Destin’s position was also supported by the case of C v D1, D2, D3 [2015] EWHC 2126 (Comm) where the Court noted that there is a strong presumption that parties to a contract which contained a dispute resolution clause intended all disputes arising out of the contract to be resolved in the forum designated by the dispute resolution clause. As a result, Destin submitted that the clause in the settlement agreement was the applicable dispute resolution clause.
In addition, Destin submitted that by virtue of the language in the settlement agreement terminating the frame agreements, it illustrated that the parties intended to be bound by the settlement agreement alone.
Court’s decision
The court dismissed the application by Saipem, concluding that the monetary claims were within the scope of the dispute resolution clause of the settlement agreement. The following observations are relevant:
- The presumption in favour of one-stop adjudication under Fiona Trust is reinforced by the parties entering into a Settlement Agreement which contain a dispute resolution clause. By entering into the settlement agreement, it was inferred that the parties intended to be bound by the dispute resolution clause in the settlement agreement, and this would supersede the dispute resolution clause in the frame agreements.
- The clause in the settlement agreement which was expressed as having exclusive jurisdiction would exclude arbitration. It was noted that the prior contractual arrangements would fall under the ambit of the clause as the widest scope was created when the clause stated “any dispute” would be settled in the courts of England and Wales.
- By binding itself to the settlement agreement, Saipem could not rely on the frame agreements as the settlement agreement had expressly terminated the frame agreements and the dispute resolution clause did not survive the termination.
- The commercial rationale for including the exclusive jurisdiction clause in a relationship-ending agreement was to ensure that there was not a fragmented dispute resolution process.
- The monetary claims were within the scope of the settlement agreement, and the arbitration agreements were inoperative for the purposes of section 9 (4) of the Act.
Conclusion
The judgment is significant as it confirmed the principle that where a dispute resolution clause is in a subsequent settlement agreement, it is presumed that it will supersede an earlier and inconsistent dispute resolution clause. This affirms the principle in Monde (supra). It solidifies the importance of proper drafting of clauses for agreements.
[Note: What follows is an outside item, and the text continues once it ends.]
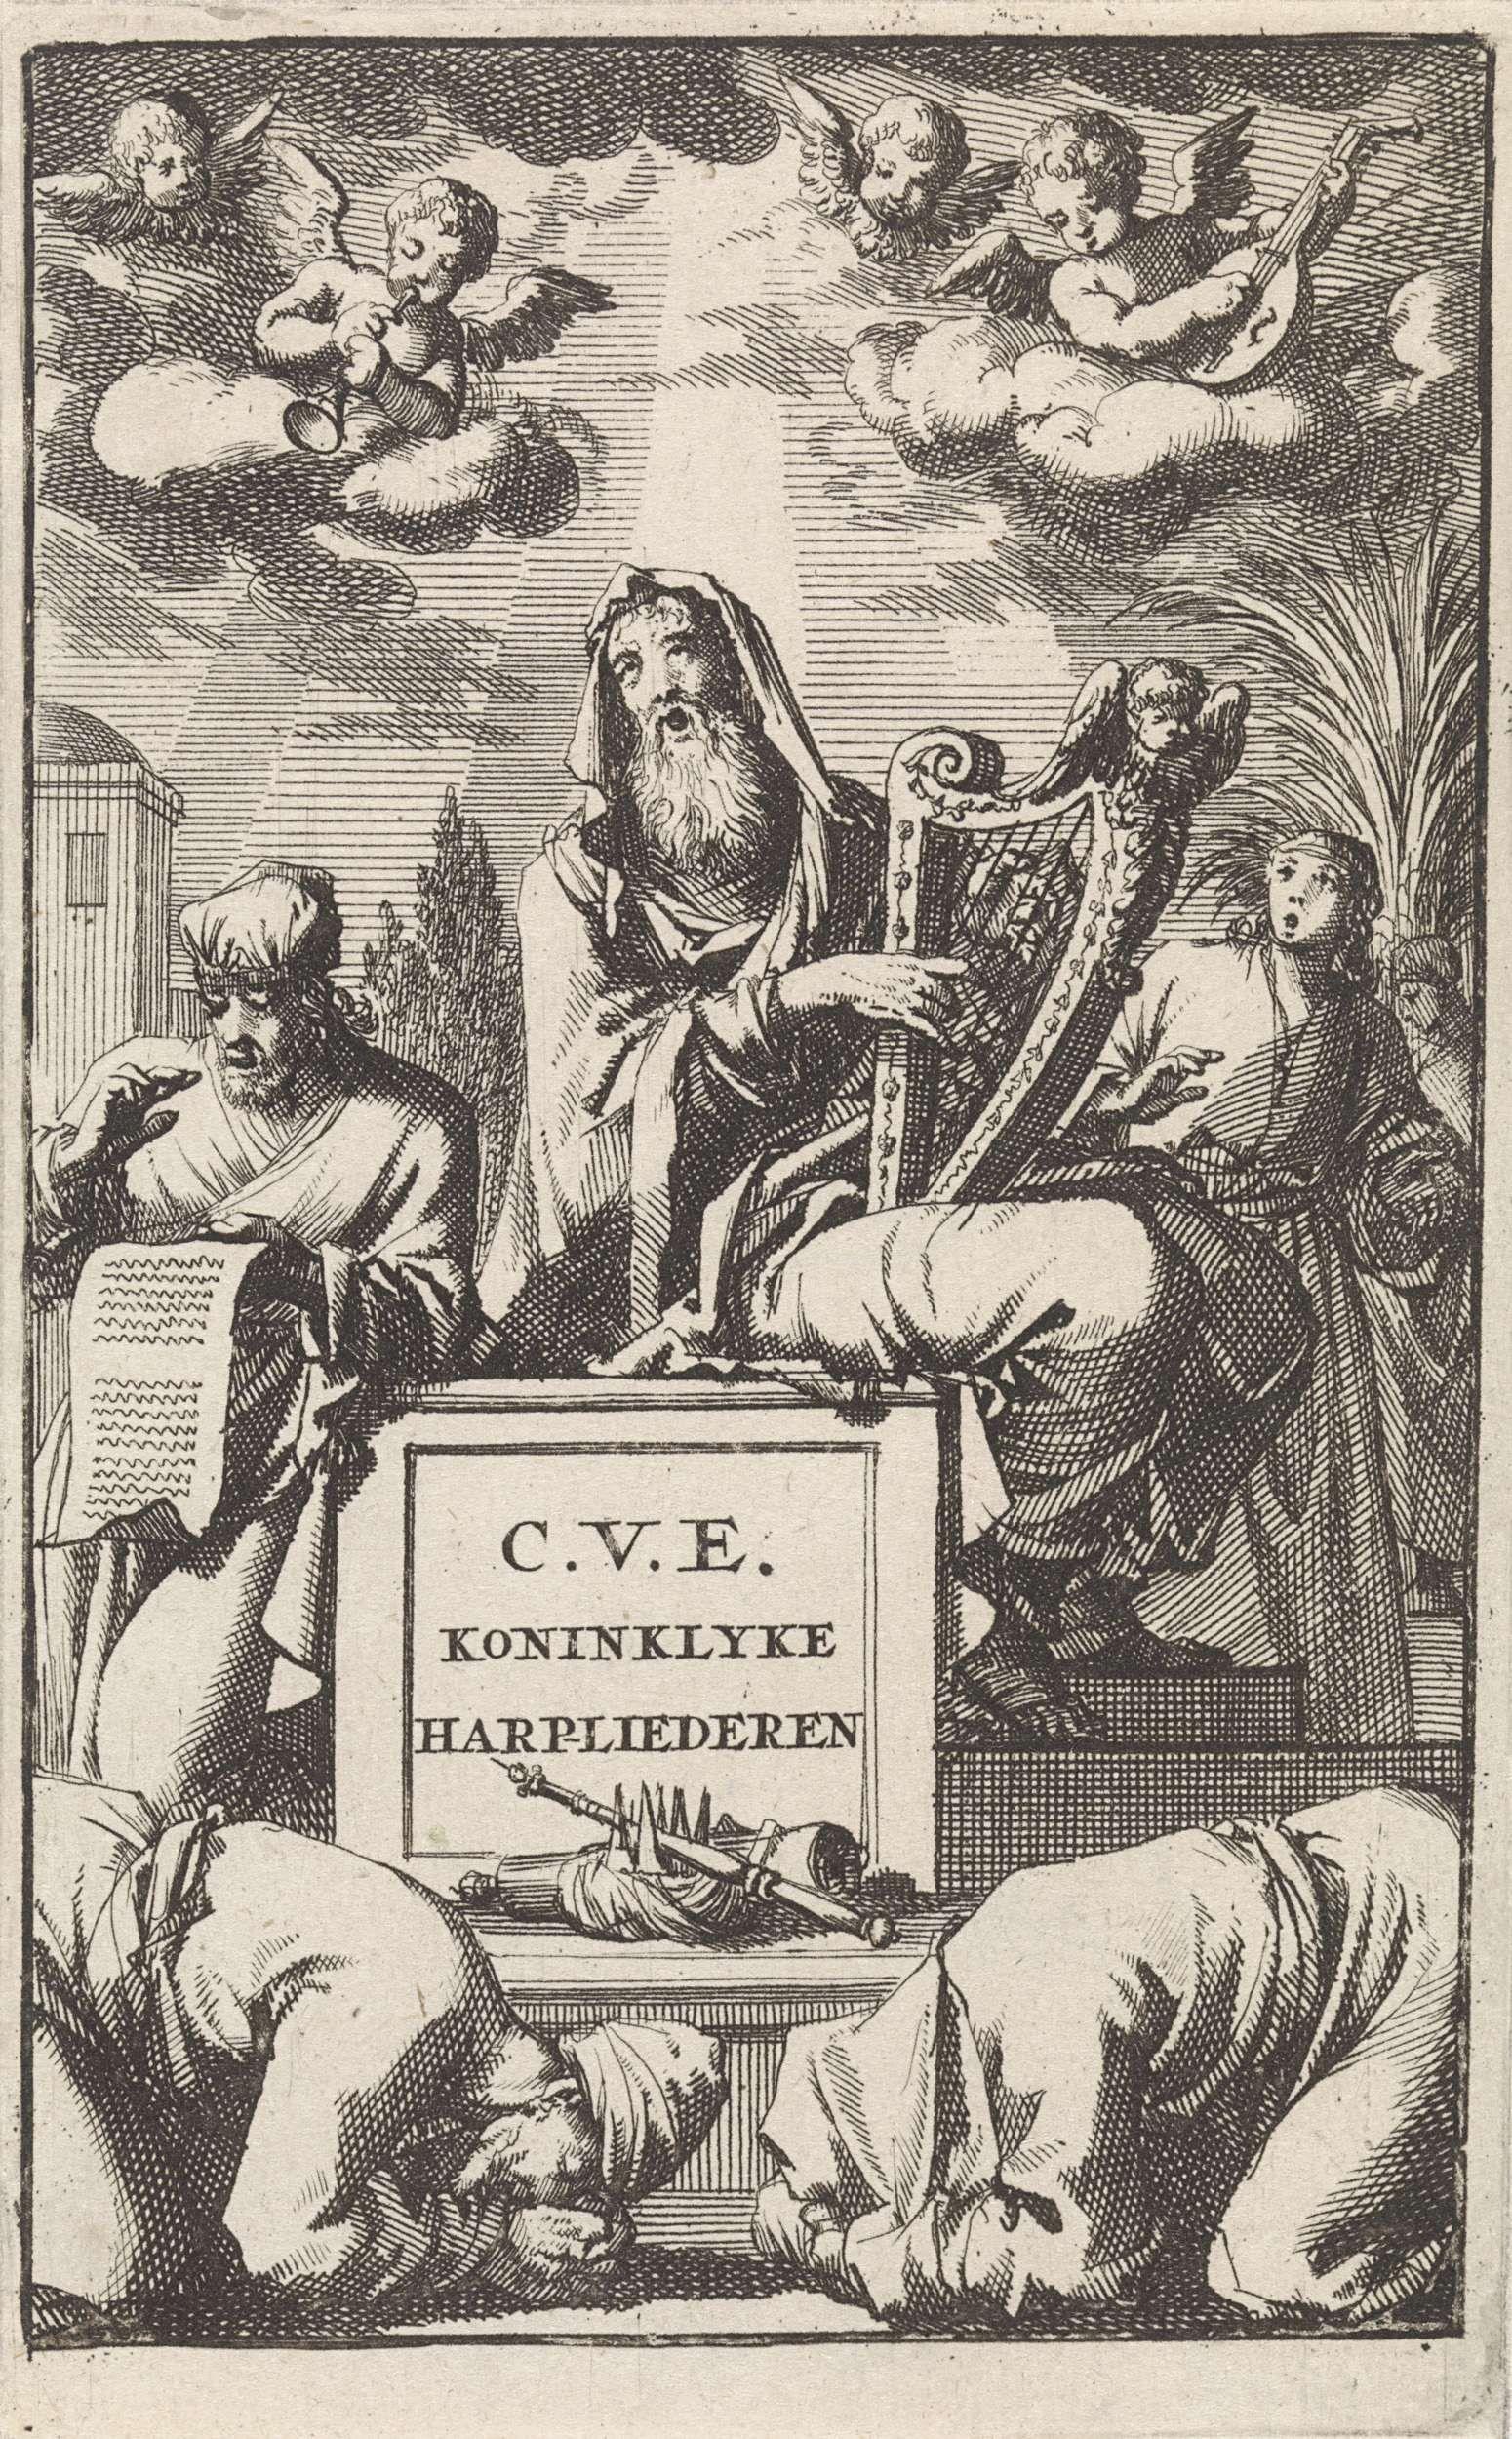 Jan Luyken   David speelt op zijn harp, Jan Luyken, Cornelis van Hogenhuysen, 1698   David speelt op zijn harp in het bijzijn van een jongeling en een priester. Voor hem op de grond liggen een kroon, boekrol en scepter. In de lucht twee cherubijnen en twee muziekmakende engelen. Op de voorgrond twee diepgebogen mannen.

Due to the construction of the settlement agreement, it was capable of complete ouster of the arbitration clause.
From a practical standpoint, one must ensure that when drafting any agreement, one should verify that the choice of dispute resolution is consistent with any other agreement which was in existence. This requires that every document is meticulously scrutinised and assessed before any drafting is done, and before the documents are sent to clients for execution.